How to get the complete xml with just the required element

Question

import xml.etree.ElementTree as ET
tree = ET.parse('country_data.xml')
root = tree.getroot()
for i in tree.findall('.//rank'):
    print ET.tostring(i)

Here I want to get all the rank elements ( with maintaining its absolute structure )

I am getting the output as

<rank>1</rank>

<rank>4</rank>

<rank>68</rank>

What should I do to get the output as

<?xml version="1.0"?>
<data>
    <country name="Liechtenstein">
        <rank>1</rank>
    </country>
    <country name="Singapore">
        <rank>4</rank>
    </country>
    <country name="Panama">
        <rank>68</rank>
    </country>
</data>

when the input xml file country_data.xml is

<?xml version="1.0"?>
<data>
    <country name="Liechtenstein">
        <rank>1</rank>
        <year>2008</year>
        <gdppc>141100</gdppc>
        <neighbor name="Austria" direction="E"/>
        <neighbor name="Switzerland" direction="W"/> First Country
    </country>
    <country name="Singapore">
        <rank>4</rank>
        <year>2011</year>
        <gdppc>59900</gdppc>
        <neighbor name="Malaysia" direction="N"/> Second Country
    </country>
    <country name="Panama">
        <rank>68</rank>
        <year>2011</year>
        <gdppc>13600</gdppc>
        <neighbor name="Costa Rica" direction="W"/>
        <neighbor name="Colombia" direction="E"/> Third Country
    </country>
</data>

Answer 1

You can do it using Python + XSLT. First you will need a XSLT document. The one below makes the transformation you require (you can test it here):

<xsl:stylesheet xmlns:xsl="http://www.w3.org/1999/XSL/Transform" version="1.0">
    <xsl:output indent="yes"/>
    <xsl:template match="@*|node()">
        <xsl:copy>
            <xsl:apply-templates select="@*|node()"></xsl:apply-templates>
        </xsl:copy>
    </xsl:template>
    <xsl:template match="year|gdppc|neighbor|country/text()" />
</xsl:stylesheet>

You can use LXML to transform XSLT in Python:

import lxml.etree as etree

source = etree.parse("data.xml")
xsldoc = etree.parse("stylesheet.xsl")
transform = etree.XSLT(xsldoc)
result = transform(source)
print(etree.tostring(result, pretty_print=True))

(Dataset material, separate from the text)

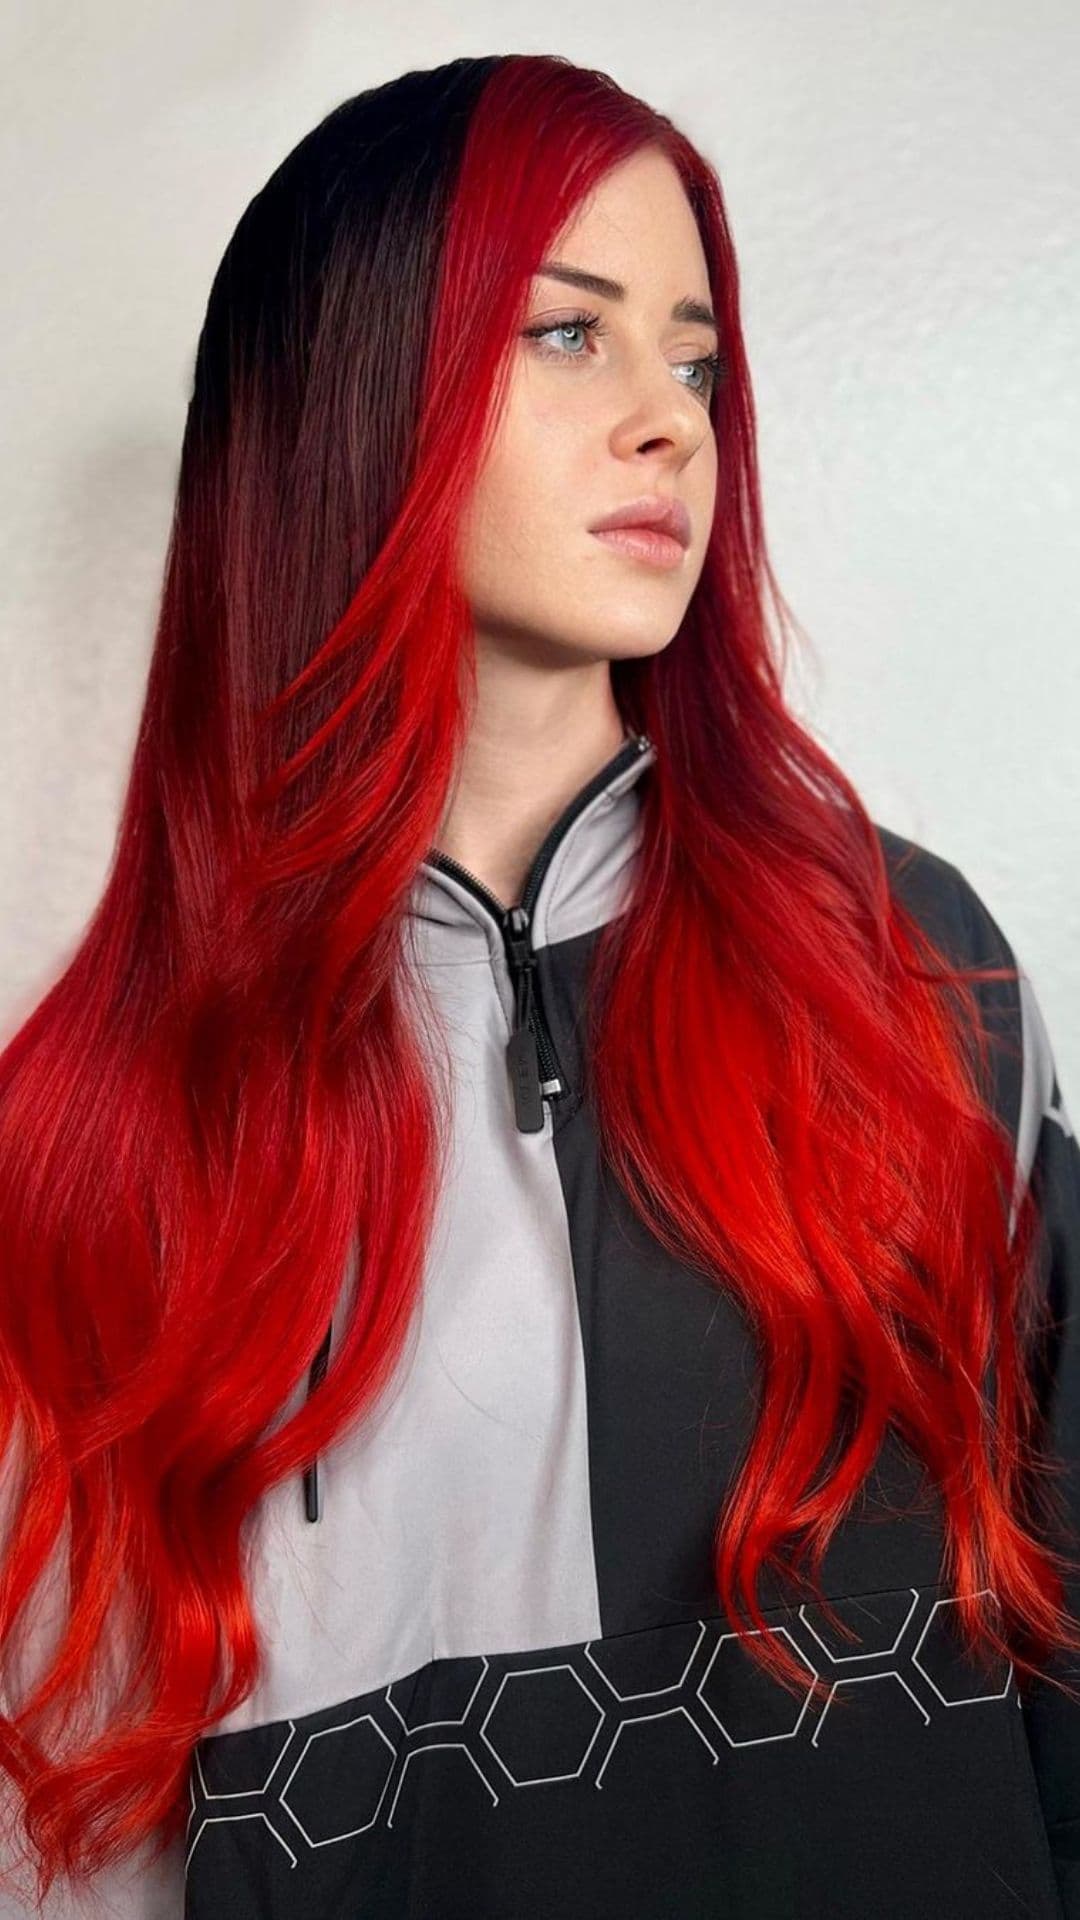 A woman with a red ombre hair.

The result of this transformation is:

<?xml version="1.0" encoding="UTF-8"?>
<data>
    <country name="Liechtenstein">
      <rank>1</rank>
   </country>
    <country name="Singapore">
      <rank>4</rank>
   </country>
    <country name="Panama">
      <rank>68</rank>
   </country>
</data>

Answer 2

A simple solution is probably to delete all elements which aren't data, country and rank and then output the root element.

The alternative would be to create a new document with a data root, then iterate over all rank elements, get their immediate parents, copy them as children to data (with all necessary attributes) and then add a copy of the rank element.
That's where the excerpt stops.